Diriwayatkan dari Abu Dzar Radhiyallahu 'Anhu ia berkata, Nabi Shallallahu 'Alaihi Wasallam bersabda kepadaku:
لَا تَحْقِرَنَّ مِنْ الْمَعْرُوفِ شَيْئًا وَلَوْ أَنْ تَلْقَى أَخَاكَ بِوَجْهٍ طَلْقٍ
Dalam hadits lain:
تَبَسُّمُكَ فِي وَجْهِ أَخِيكَ لَكَ صَدَقَةٌ
Sedekah bisa didapat dengan menahan tangan dan lisan dari menyakiti orang lain. Ini sesuai sabda Nabi Shallallahu 'Alaihi Wasallam kepada Abu Dzar:
تَكُفُّ شَرَّكَ عَنِ النّاسِ صَدَقَةٌ مِنْكَ عَلَى نَفْسِكَ
Secara umum, Allah Subhanahu Wa Ta'ala sendiri telah memerintahkan hamba-hamba-Nya untuk senantiasa berbuat baik; menjadikannya sebagai karakter dan kebiasaan.Allah Subhanahu Wa Ta'ala berfirman:
خُذِ الْعَفْوَ وَأْمُرْ بِالْعُرْفِ وَأَعْرِضْ عَنِ الْجَاهِلِينَ
Syaikh Sa’di berkata tentang “dan suruhlah orang mengerjakan yang makruf” adalah perkataan baik, perbuatan baik, dan akhlak sempurna kepada kerabat dekat dan jauh. Jadikan setiap yang engkau berikan kepada manusia berupa mengajarkan ilmu, menyuruh berbuat baik seperti silaturahim, birrul walidain (bakti ke orang tua), memperbaiki hubungan sesame manusia, nasihat bermanfaat, ide cerdas, bantuan berbuat kebajikan dan takwa, mencegah dari keburukan, mendorong orang memperoleh maslahat agama dan dunia.” (Taisir al-Karimir Rahmadn: 303)
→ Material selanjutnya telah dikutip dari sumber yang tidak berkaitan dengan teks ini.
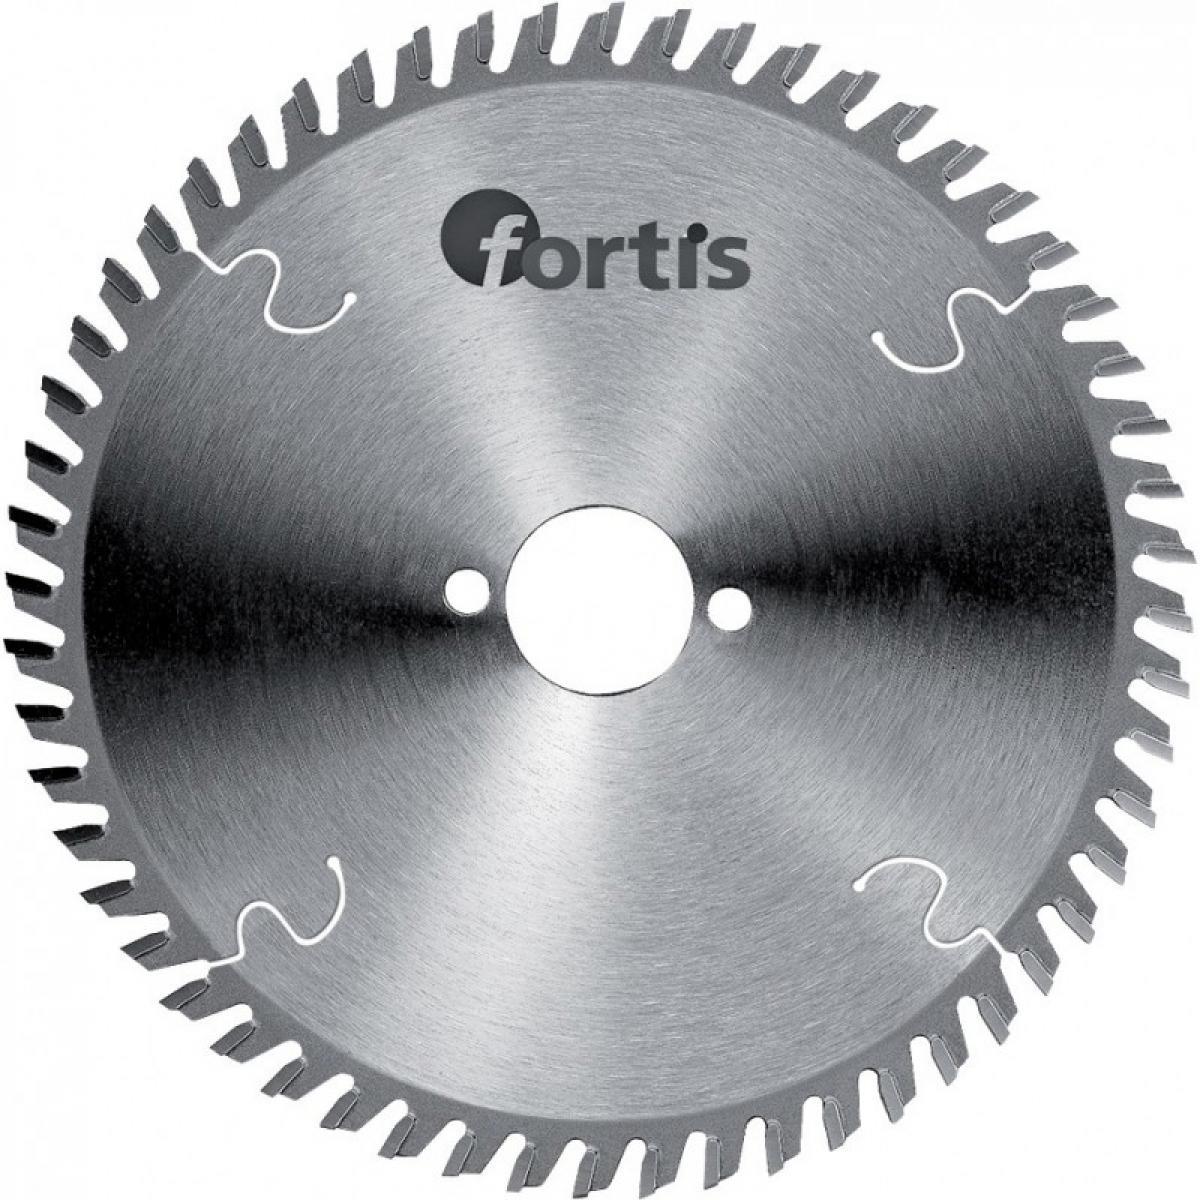 Fortis HW-Lame scie 160x2,8 x20mm Z36W Fortis
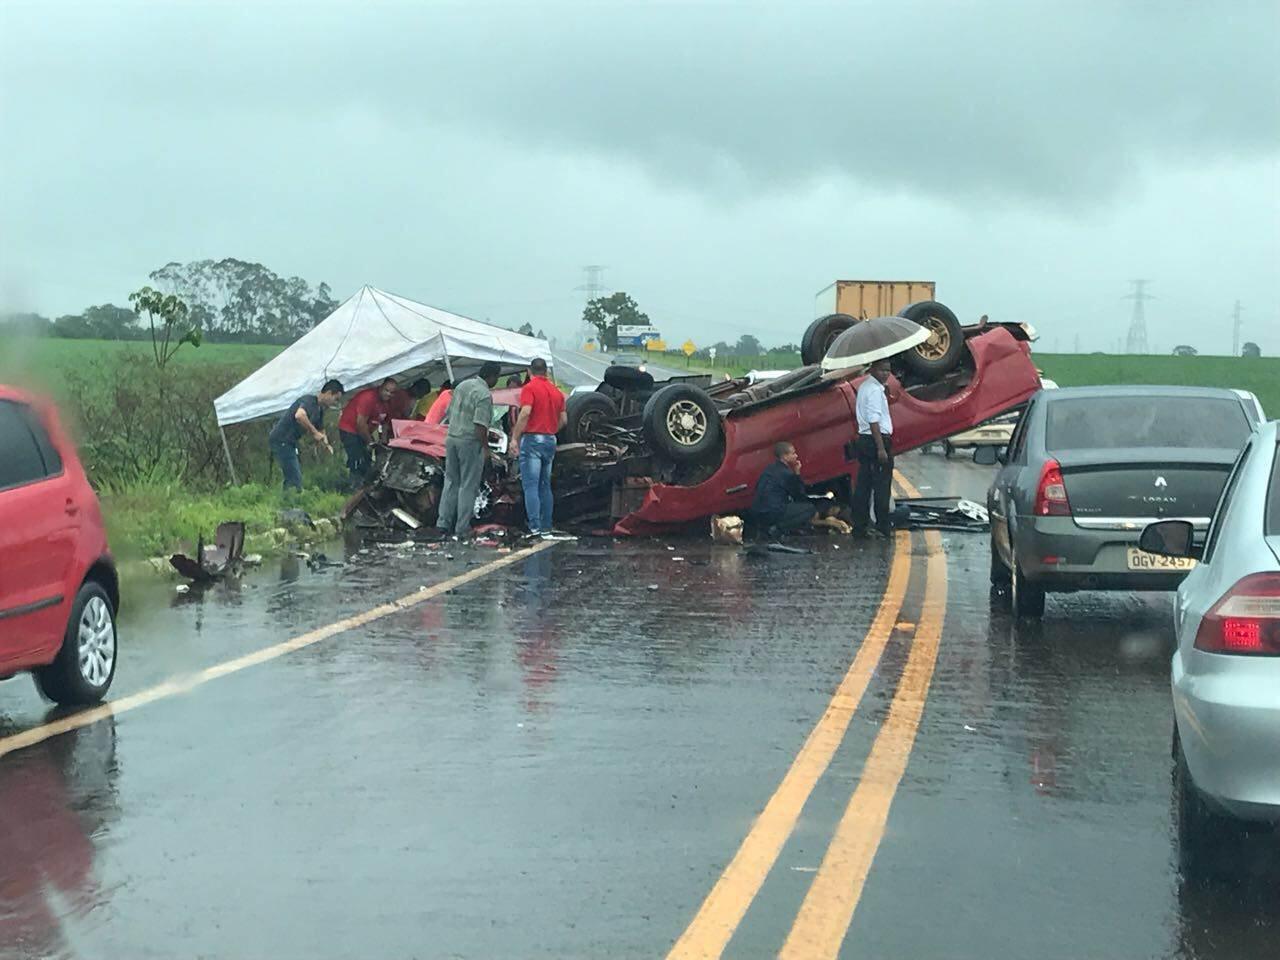 Acidente grave na GO-210, entre Santa Helena e Rio Verde | Foto: Leitor / WhatsApp

Karenanya, jangan berkecil hati dan rendah diri saat tidak memiliki harta melimpah untuk mendapatkan pahala sedekah. Ada alternatif lain yang lebih ringan dan didapatkan di setiap tempat, yaitu berbuat baik kepada orang dan menahan diri dari menyakitinya. Semoga Allah jadikan kita sebagai orang-orang yang kaya di sisi-Nya karena telah menginvestasikan pahala senilai sedekah yang besar. Wallahu A’lam.